Thank God it’s all right now; I can tell that too. He’s a good man, Theo is. I like to see him come walking up from the tennis courts with the kids, talking French or German with them. And good to Iris: his voice is gentle when he speaks to her. I hear that. He’d better be.

My dear, my heart. From the day she was born, the homely, tender, appealing little thing.… Yet she’s done well. She’s turned out to be a good-looking woman in her way, not in the popular fashion, but different looking, distinguished. That’s the word: distinguished. Iris.

That kid Steve had better not cause her any heartache. I’ll tell him so one of these days, too. Chicanery, he said. What a word! Luck! He makes it sound so cheap, like crapshooting or slot machines. Luck! All that labor, getting
up before five to reach the building sites in those early years! Scrambling for contacts and financing, sweating out the mortgage payments, that was luck?

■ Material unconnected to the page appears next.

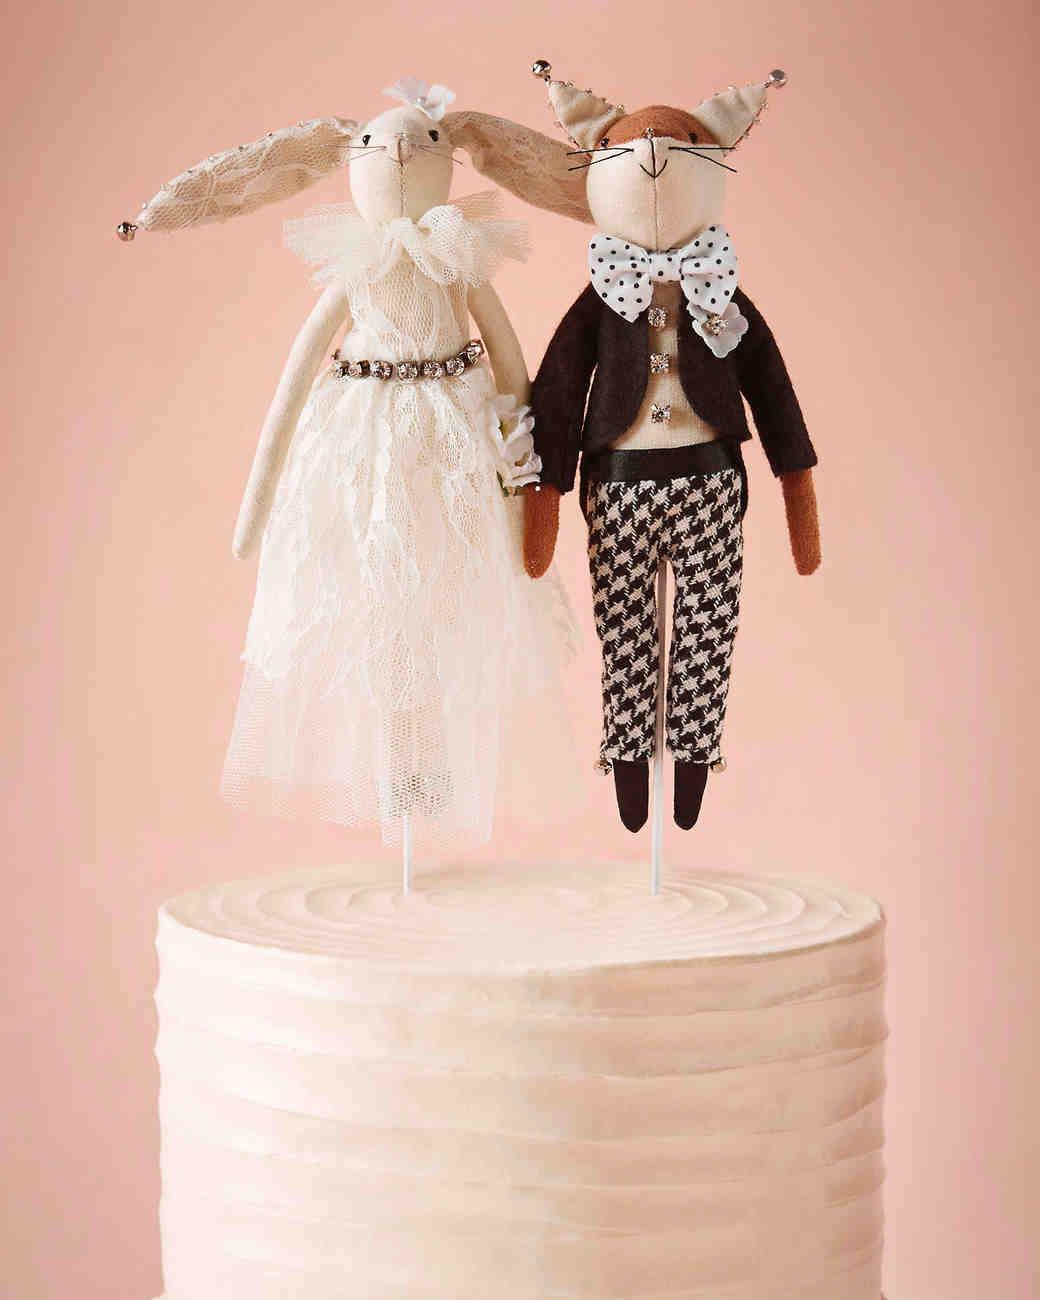 25 Unique Wedding Cake Toppers | Martha Stewart Weddings

He says we don’t give value for the money. Granted, we don’t give the value they gave in this house that I’m living in. How can we, with the building trades unions getting more and more every year? Squeezing the bosses dry. Still, I know a man wants his family to live decently, wants to give them things. I ought to know! So what’s the answer? That I don’t know. I’m sorry I don’t.

I understand in a way what Steve means, even though he thinks I don’t. He’s a smart boy, the smartest of the lot. But I can’t take to him the way I do to the others, my baby guy Philip or Jimmy. Jimmy has merry eyes. I just thought of that. Maybe because of Steve’s stringy long hair? And I like immaculate fingernails, especially when I’m eating. I can’t help it, I hate dirt. Damned arrogant kid! And still, you can feel something. So unhappy. Poor Steve. Wish I could get to him. Poor kid.

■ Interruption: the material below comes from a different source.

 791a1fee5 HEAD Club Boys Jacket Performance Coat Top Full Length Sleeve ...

Anna came back with a tray, two cups of tea and a small plate of biscuits. “You’re to have this and then a nap. Doctor’s orders, so don’t grumble.”

“Who the hell needs a nap?”

“You do,” she said calmly. “You want to get back to the office, so do what you’re told.”

She sat down, stirring the tea. Her face was placid, dignified. Firmness in the softness. Remarkable woman! Why do I always think of what my father would have said? Quality, he’d have said. He used to pick up a fine piece of cloth and smooth it between his thumb and finger. “Quality. You can always tell,” he’d say.

“What are you thinking?” Anna asked.

“Of you. I didn’t make a mistake when I saw you sitting on the stoop at Levinsons’.”

“I’m glad.”

“Are you, Anna? Sometimes I wonder. I’ve had too much time to think, this past month. You remember, just before I had the attack, we were at that benefit for the blind? You
were talking to that fellow who publishes the art books, and I thought, “There’s the kind of man she ought to have married, the kind of man who speaks her language.’”

“You want to get rid of me?”

“Don’t make a joke of it! I’m serious.” He reflected: ought he to tell her the rest? Yes, yes, have it all out, all of it. “I know I promised you once never to talk about the subject again, but lately I haven’t been able to put it out of my mind. About you and Werner—he was a man who spoke your language, wasn’t he?”

Anna sighed deeply. “Oh, Joseph! Not again?”

“I’m sorry. I know you assured me there never was anything, but so many things don’t fit: words, gestures, incidents. I needn’t go over them again, because you know them and I know them. But they don’t quite fit, and my sense, my instinct—”

“Senses and instincts don’t prove anything,” Anna interrupted. “I gave you rational answers. I can’t do more than that. I feel as though I were using a sword against cobwebs when you talk about ‘instincts.’”

Even in her quiet denial he heard defiance. If he were not still an invalid she would have been more vehement, he knew, more angry. He mustn’t press too hard, mustn’t look for trouble. He was lucky, after all, to have had her all these years, he told himself for the thousandth time. A woman like Anna could have had anyone.